● ASSIGNMENT: Your output is to hold only the lines from the one showing "Tribes in Montana" through the end of the listing, exactly, with every picture excluded.

● SOURCE MATERIAL:

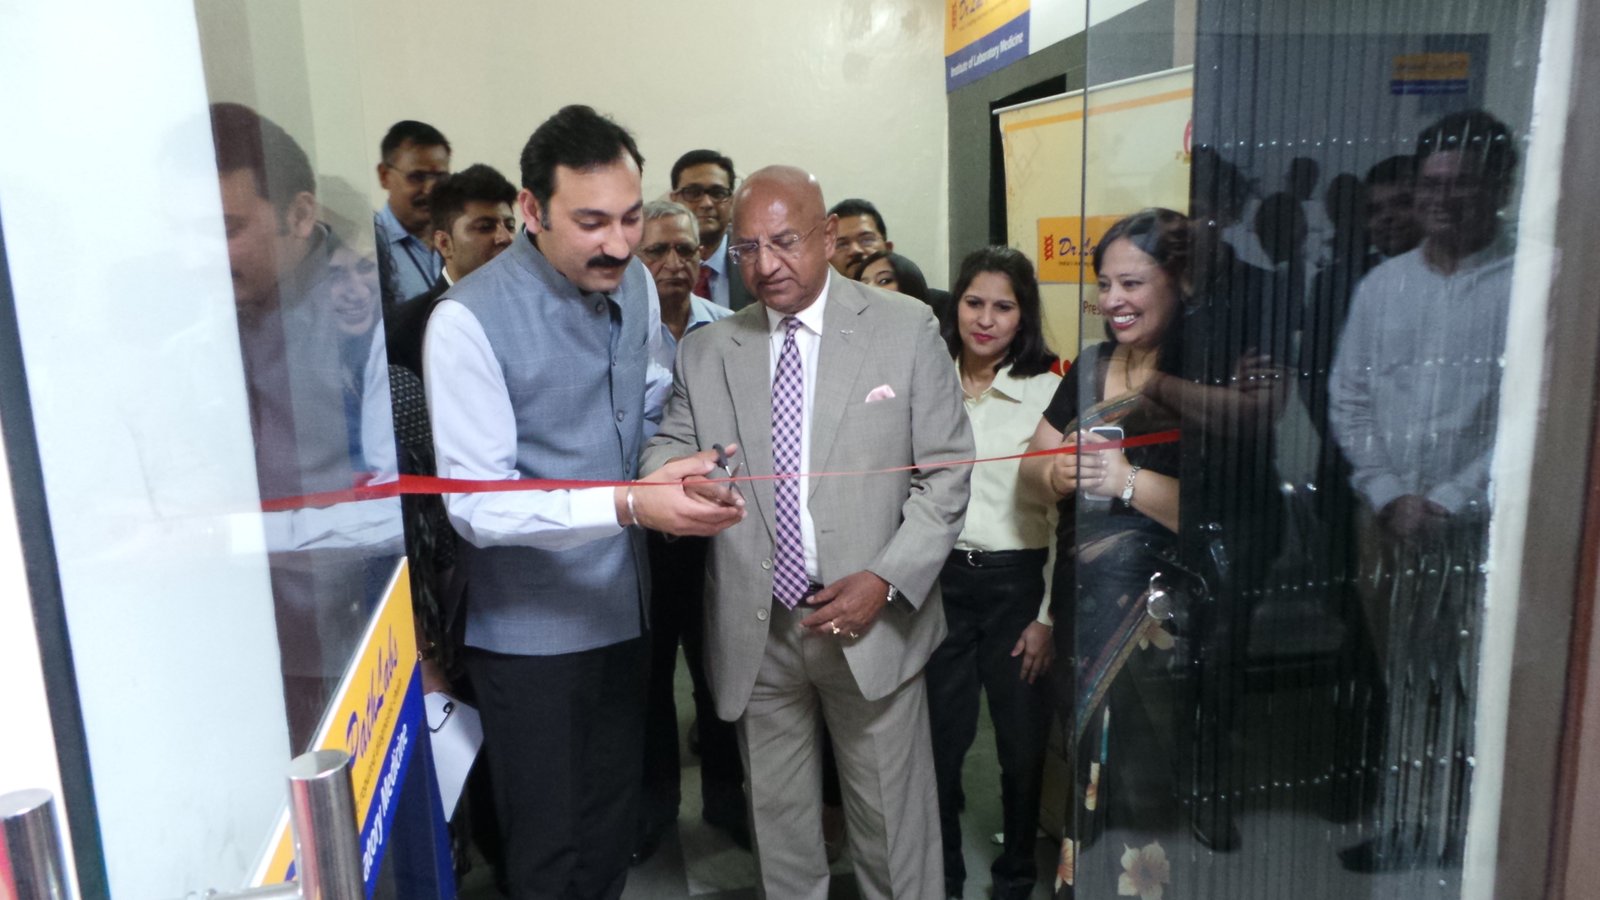 Mr Varun Khanna, managing director, BD - India (L) and Dr Arvind Lal, CMD, Dr LalPath Labs (R) inaugurating the Centre of Excellence for best lab practices at New Delhi on June 19, 2015.
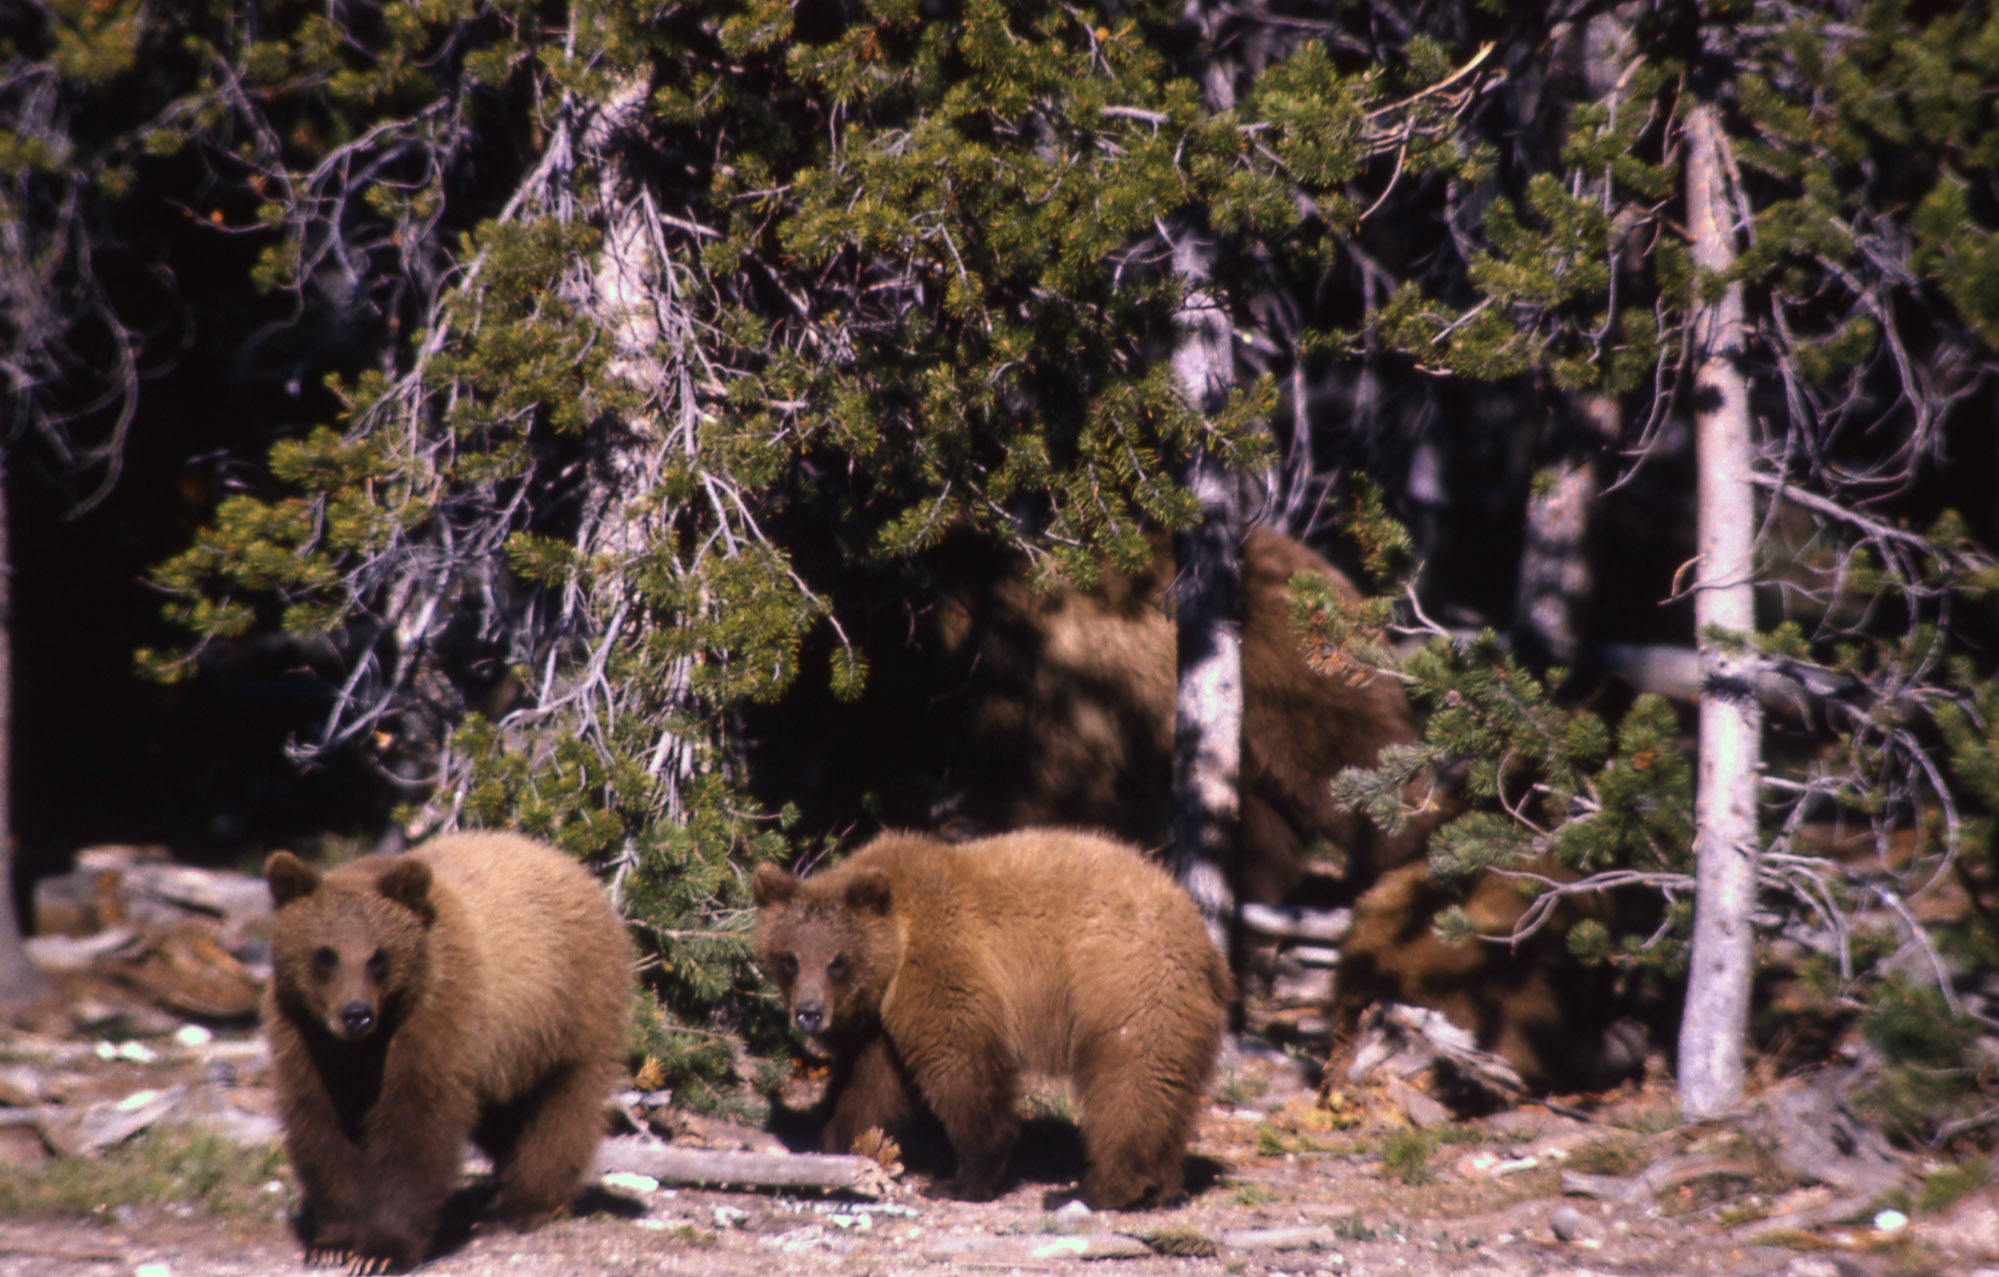 Tribes in Montana and Wyoming oppose delisting of grizzly bear
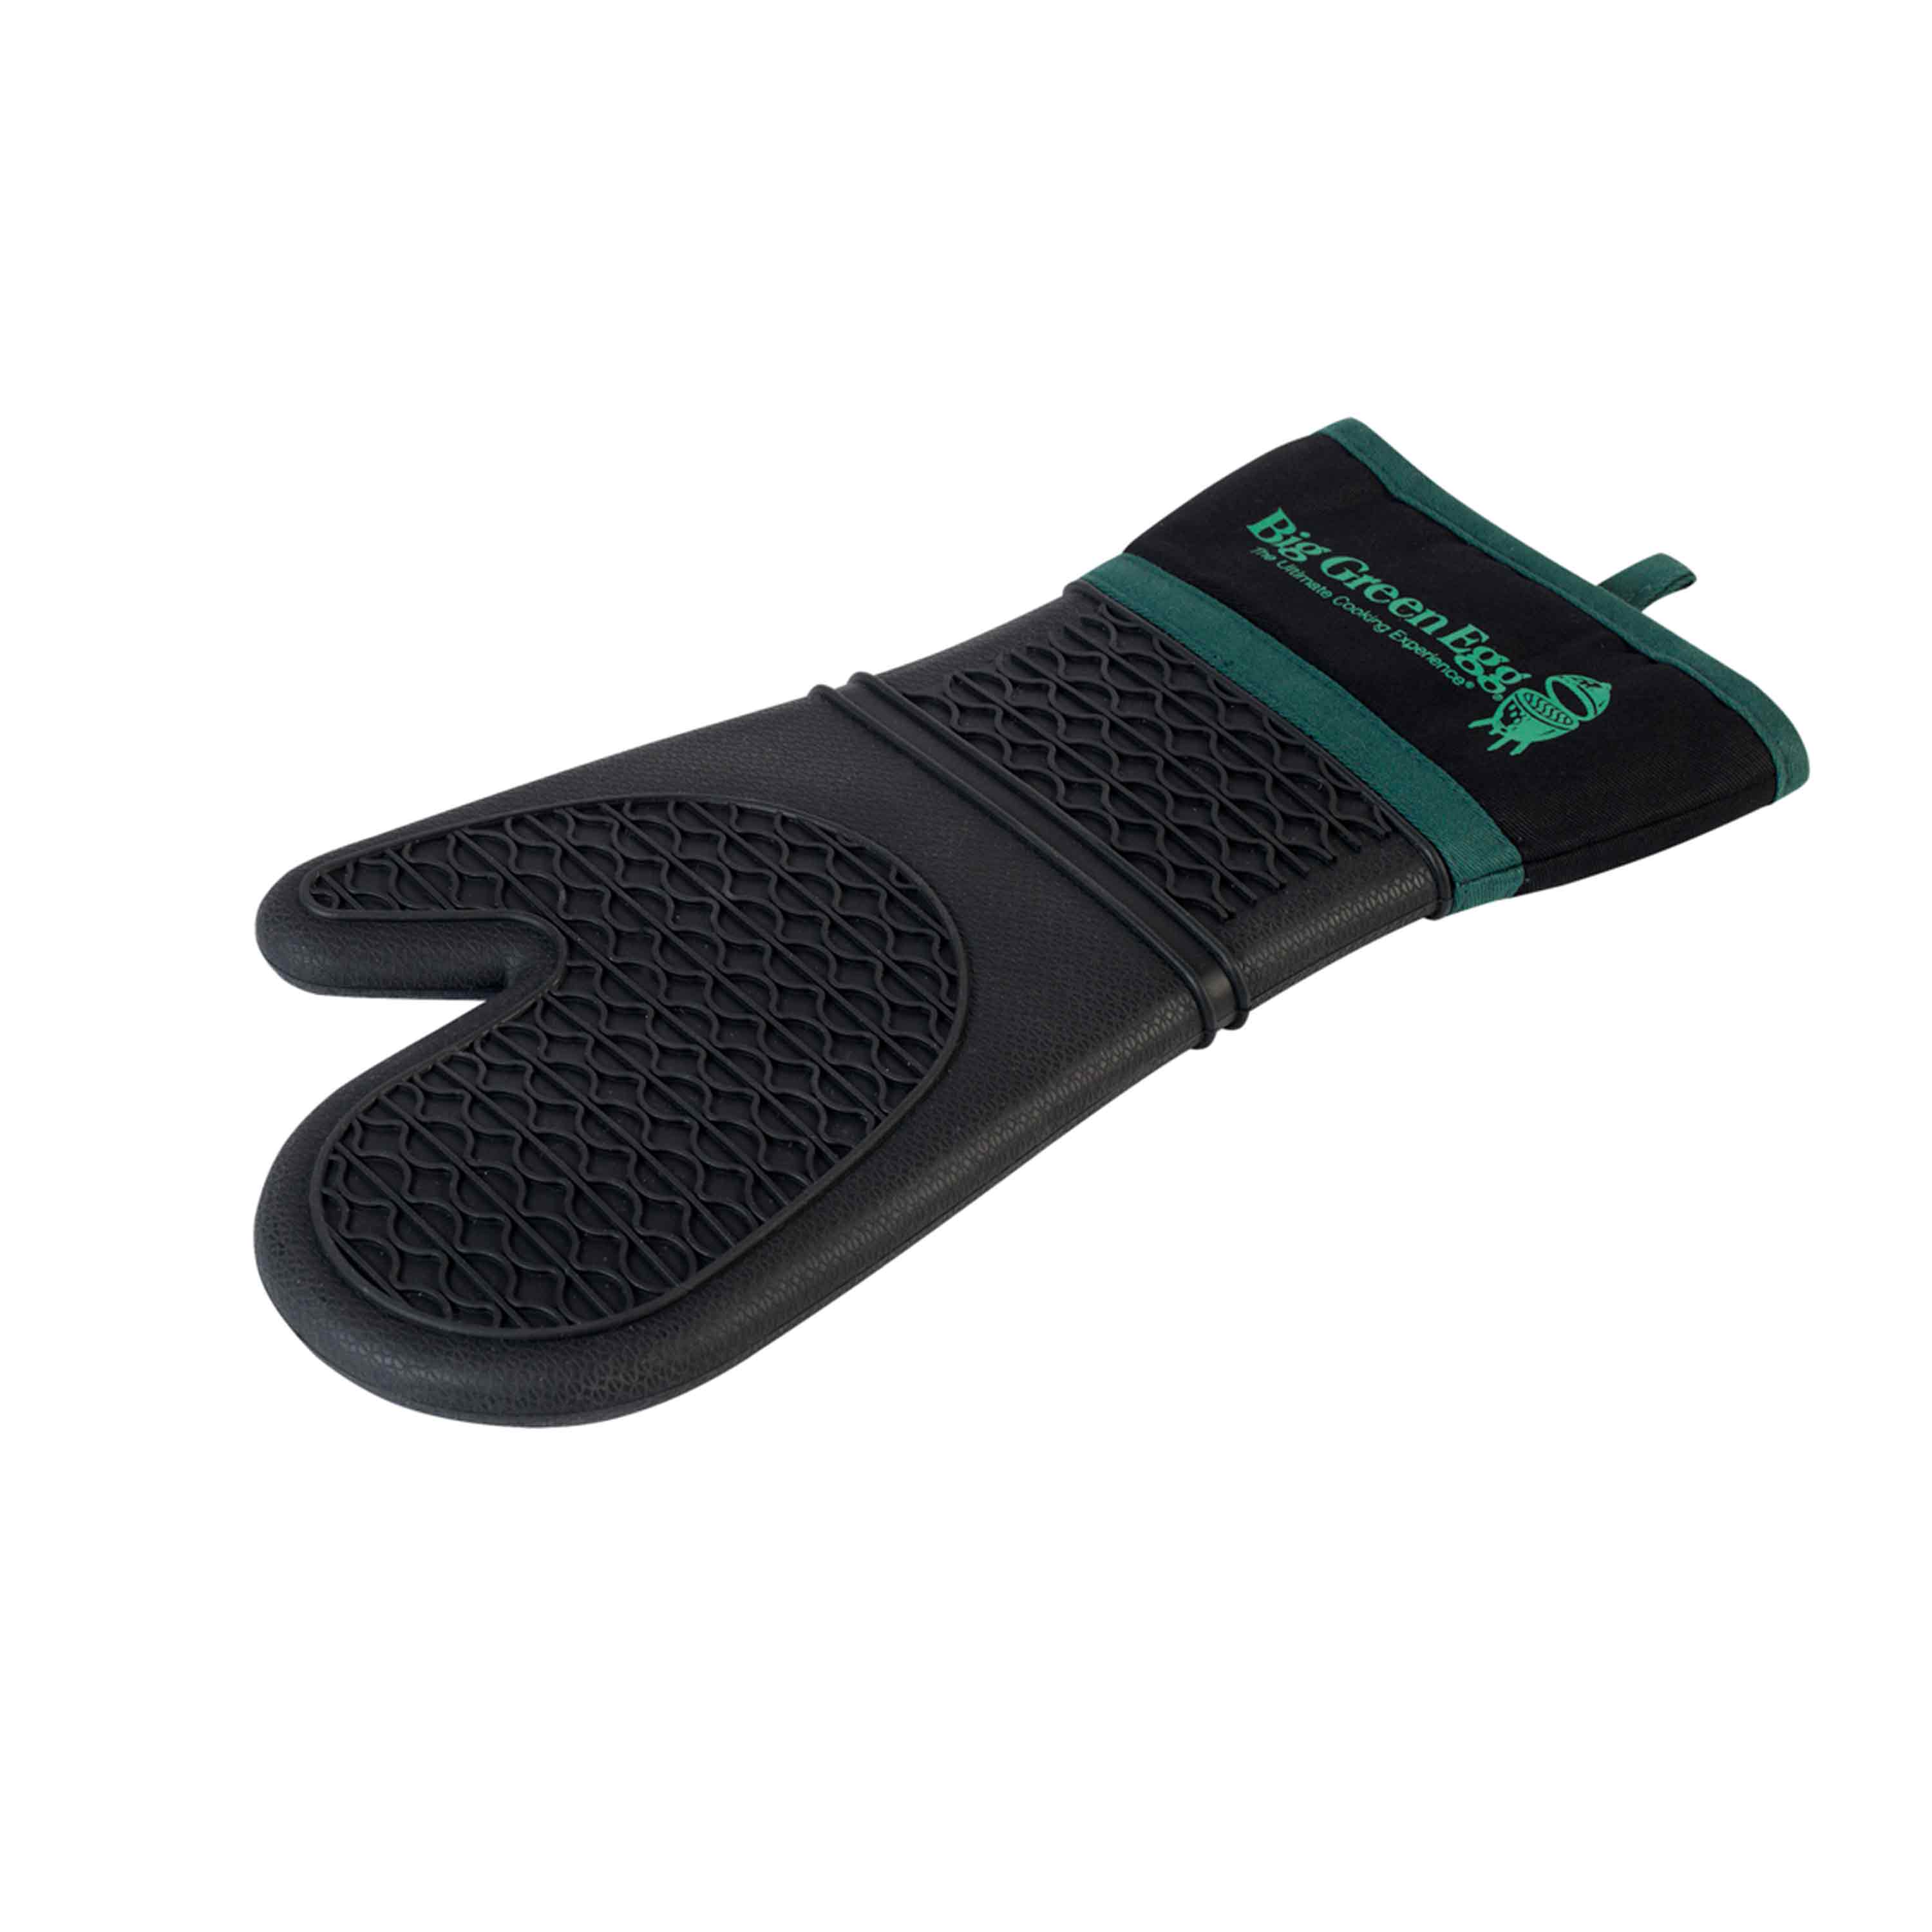 Big Green Egg Grillhandschuh Silicone Grilling Mitt

● SOLUTION:
 Tribes in Montana and Wyoming oppose delisting of grizzly bear
 Big Green Egg Grillhandschuh Silicone Grilling Mitt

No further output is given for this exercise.